“I will, Boss. And Pauley you know better. You come to us when you got something this big. You don’t take it in your own hands to figure it out for yourself. You come to me or you go straight to Boss. You got it?”
But Gucci went a step further. “And if he ain’t got it,” Gucci said as he grabbed Pauley, turned him around to face him, and began beating the shit out of him. “He’s getting it now!” He beat Pauley down the way he felt Robby, as underboss, should have done.
Robby knew what Gucci was up to. Every time he turned around he had to fight back a challenge to his spot in the pecking order by ambitious made men who had no stomach for waiting their turn. That was why Robby looked at Sal to see if he approved. Sal did approve. Pauley was wrong and needed to be taught a lesson.
“Okay that’s enough,” Sal said when he saw that Gucci was going too far. “He got the message,” he added.
Gucci stopped on Sal’s order, but he would have been happy to continue. But that wasn’t his call. That was Sal’s call. And since Sal was no fan of gratuitous violence, he put an end to it.
But Sal wasn’t disappointed.
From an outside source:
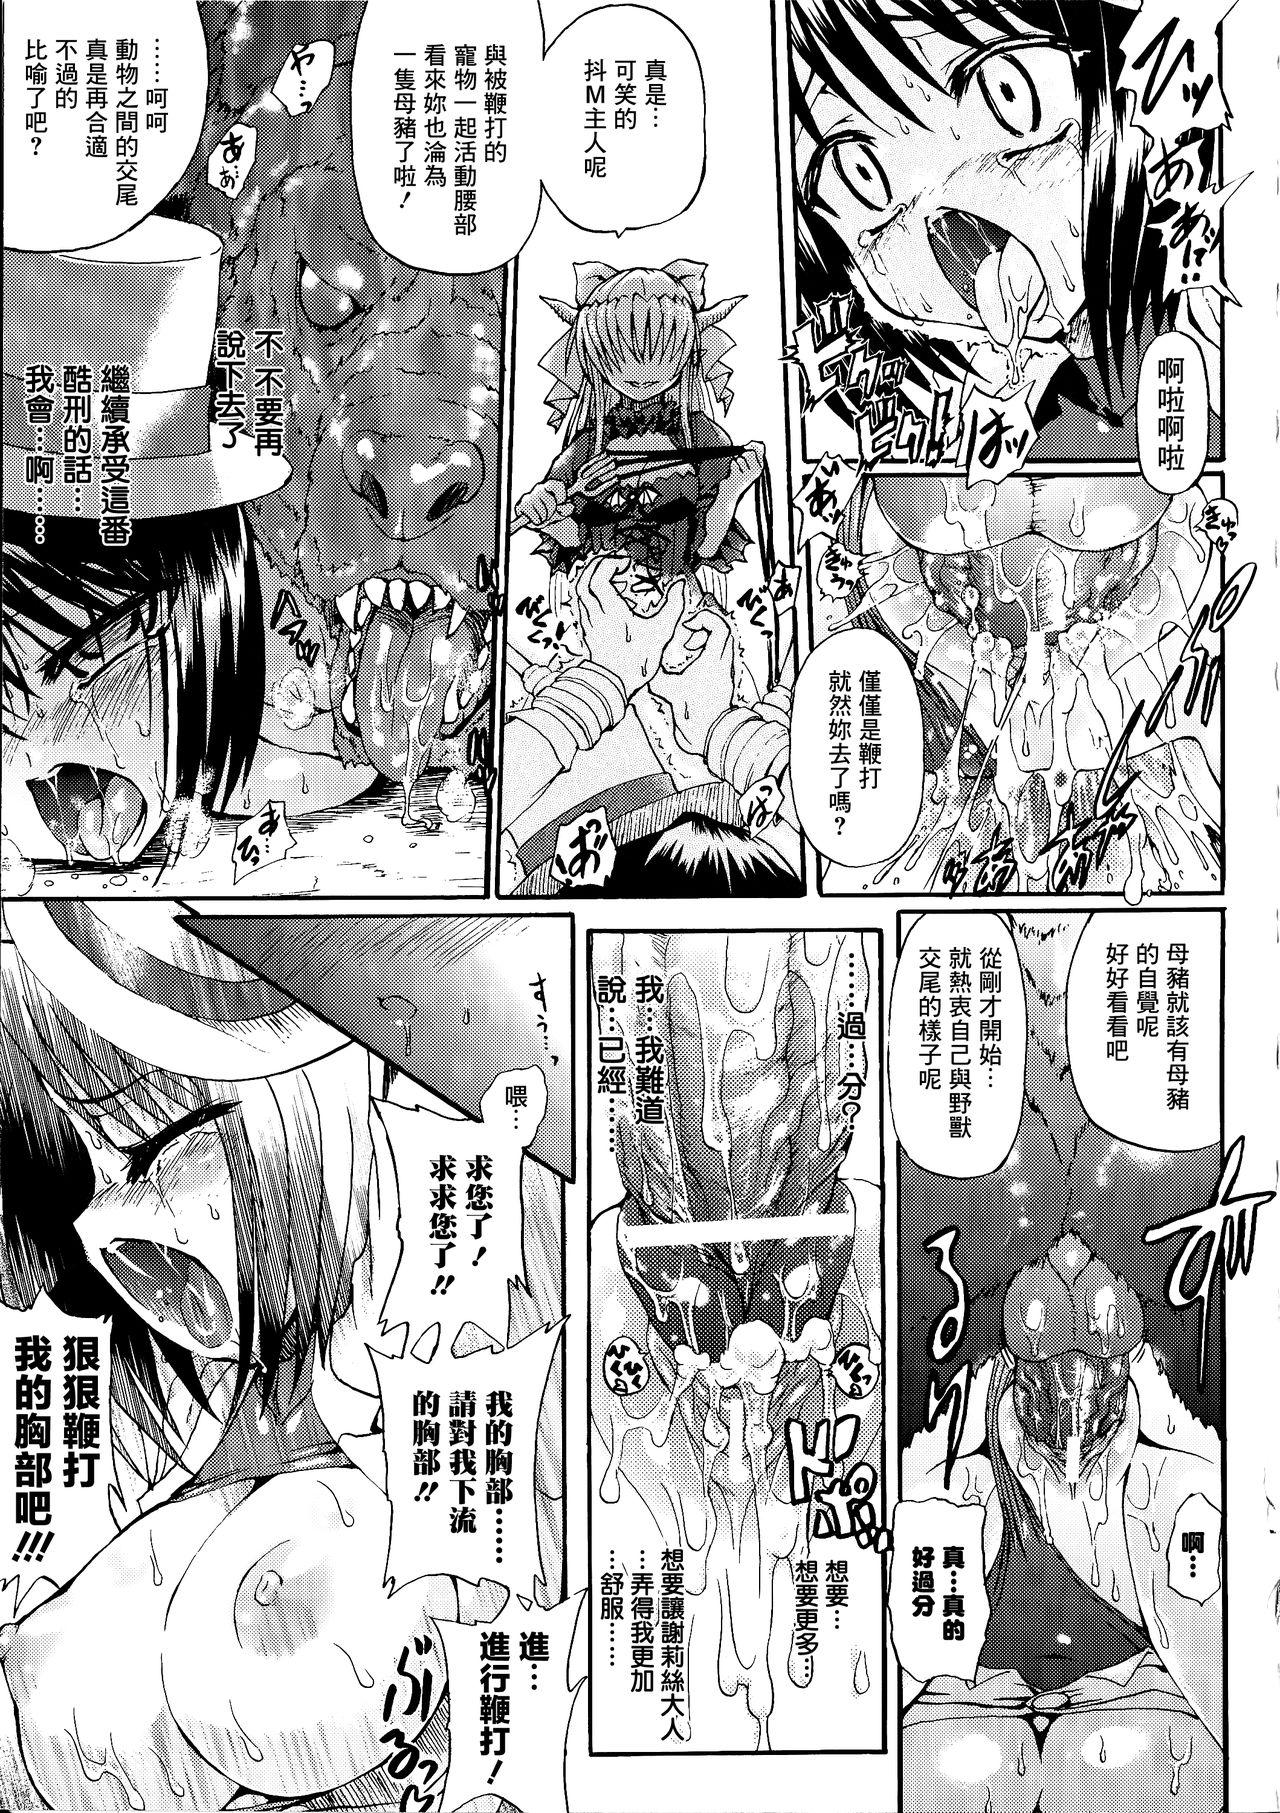 Ma ga Ochiru Yoru Demonic Imitator CH.1-7 95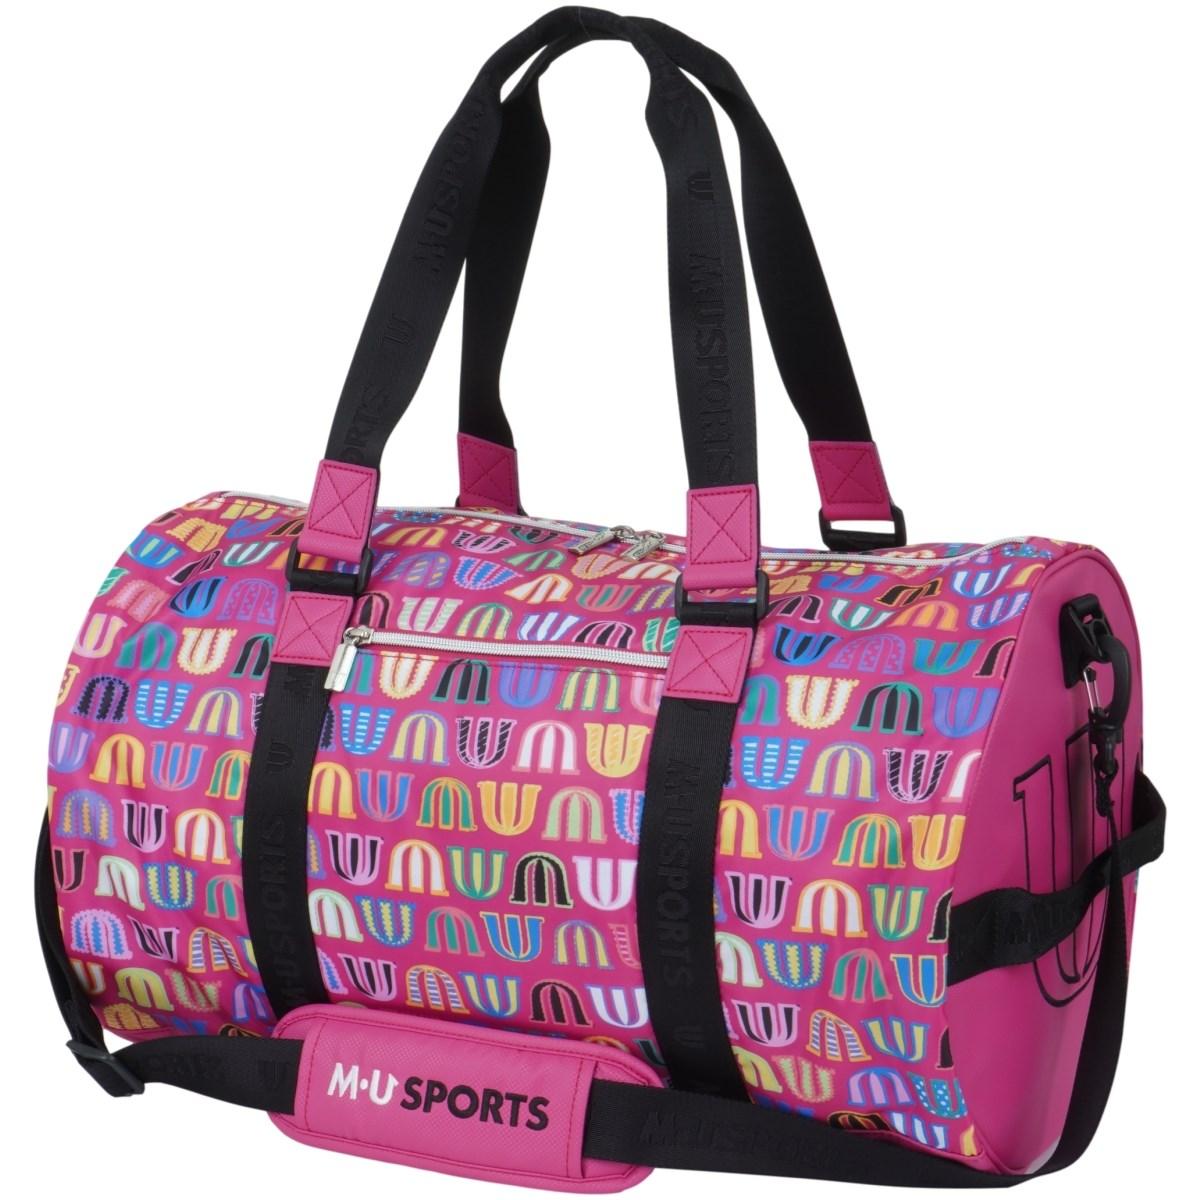 MUスポーツ M.U SPORTS ロゴ総柄ボストンバッグ ピンク

He honestly believed Pauley was way out of line and deserved every lick. And Robby should have handled that better than just a verbal lashing. Gucci wasn’t wrong about that either.
But Gucci was wrong if he thought he was man enough to take Robby’s place in Sal’s organization. Too many of his men thought because Robby was gay, or because Robby had too many fuck-ups lately, that he was vulnerable. But he wasn’t. Sal was as loyal to Robby as Robby was to Sal.
“Clean his ass up,” Sal said as he looked at Pauley’s bloodied face, “and get back to work. I want everybody looking for that guy. I want to know who he is by nightfall tonight! If he got the balls to come after my guys, he’s got backing. I need to know who’s backing him. Now get on it and stay on it until it’s done.”
“We will, sir,” said Robby. You heard the man,” he said to their capos as their drained, overworked boss headed for the exit.
CHAPTER TWENTY
“But I don’t like sweet peas,” Lucky said. “Why do you make me eat something I despise?”
“Just eat your peas, boy, and shut up,” said Marie. Then she smiled. “Or I’ll tell Ma about that girl you like.”
“I’ll tell her about that man you like,” said Lucky.
“What man?” Gemma asked. She was sitting at the breakfast table drinking a cup of coffee and reviewing a spreadsheet on her computer. Lucky and Marie were at the table too.
Although Marie was much older than Lucky, they were very close. But unlike Lucky, who told Gemma everything going on in his life, Marie was secretive. She rarely told Gemma anything. Gemma was a teen when she had Marie. She thought she had died at birth. It was only after Marie was an adult did Gemma find out that she had actually lived. And although Sal had adopted Marie and he and Gemma welcomed her into their family with open arms, that gulf between mother and daughter still remained.
“You’re dating somebody Marie?” Gemma asked her.
“I wouldn’t call it dating,” Marie said.
When Gemma waited for her to say more, nothing more came. And then they all heard the door open, and Sal’s booming voice yelling for Gemma.
“Why does Daddy always call for you every time he steps into our house?” asked Lucky.
“Back here!” Gemma yelled back.
“Why doesn’t he never yell for me, or for Marie?” Lucky asked.
“Because he’s known me longer,” Gemma said with a smile and Marie laughed. “How about that?”
Sal entered his breakfast room looking every bit as drained as he had looked at the warehouse.
“Hey Daddy,” Marie said to her adopted father, and she purposely said it before Lucky could, to get a rise out of him.
It worked. “That’smydaddy,” he said. “Hey Daddy!”
Sal ignored them both because he knew the games they played, kissed Gemma on the mouth, and then plopped down in the chair beside her.
“Coming to my game today, Daddy?” asked Lucky.
“I’ll be there.”
“You said that before.”
Sal gave him a hard look. Lucky knew to back off. “Yes, sir,” he said.